The off-field controversies and the unfolding daily ramifications must be extremely difficult to deal with for Ulster utility back Louis Ludik, who has a deep Christian faith.
The Ireland-qualified South African admits the furore around the Belfast rape trial is in your face daily, but insists the team want to get back to playing rugby and earn that Champions Cup qualification slot, starting with a victory over Edinburgh at Murrayfield tomorrow night.
“Obviously, we’re aware of it,” said the 31-year-old former Sharks player.
“It’s impossible not to be aware of it, we have to be focused on the rugby itself. We hear people talk about it, everyone has a different opinion, that’s just how it is.
“But all we can do is focus on rugby, sometimes that’s easy, sometimes that’s difficult, but that’s what we are paid to do.”
Ludik knows losing is not an option if hopes of staying at the European top table are to be realised.

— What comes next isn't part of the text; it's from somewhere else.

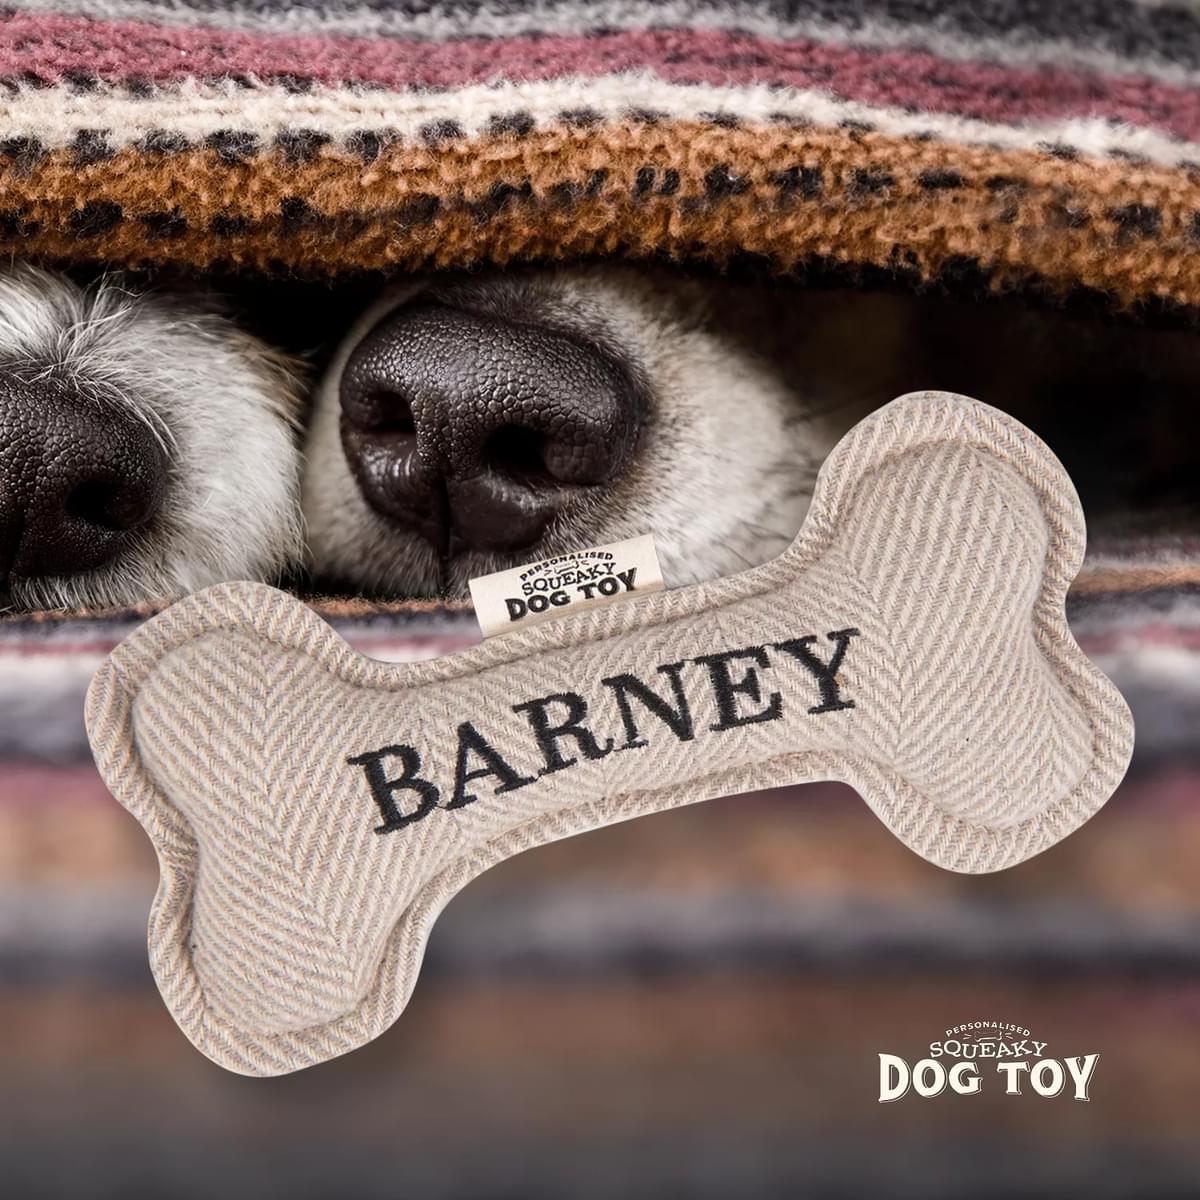 Named Squeaky Dog Toy- Barney. Bone shaped herringbone tweed pattern dog toy.

Ludik has a BSc in Sports and Conditioning, and has future coaching plans. For now, he hopes Ulster’s renowned ability to turn it on in the face of adversity will come to the fore.
“Sometimes when our backs are against the wall, when we’ve no other choice, that’s when we play our best. Our minds have to go to that place where we play as best we can.
"Murrayfield is a big empty stadium, not like a packed Kingspan with its nice atmosphere. We’re going to go out there and really be focused on our game and really take it to them.
“Sometimes when a person is really under pressure, they perform. Maybe, it’s how the human brain works, when you’re really under the pump. For us, every week is a final now. Whoever gets the opportunity to go out and play has to take that opportunity and do their best.
“Personally, after 12 years, I’ve had my fair share of pressure, it’s part of rugby. I enjoy it, that’s why you play professional rugby. It’d be nice to win every weekend and be pressure free. If the ball doesn’t bounce our way, there’s nothing we can do about that.”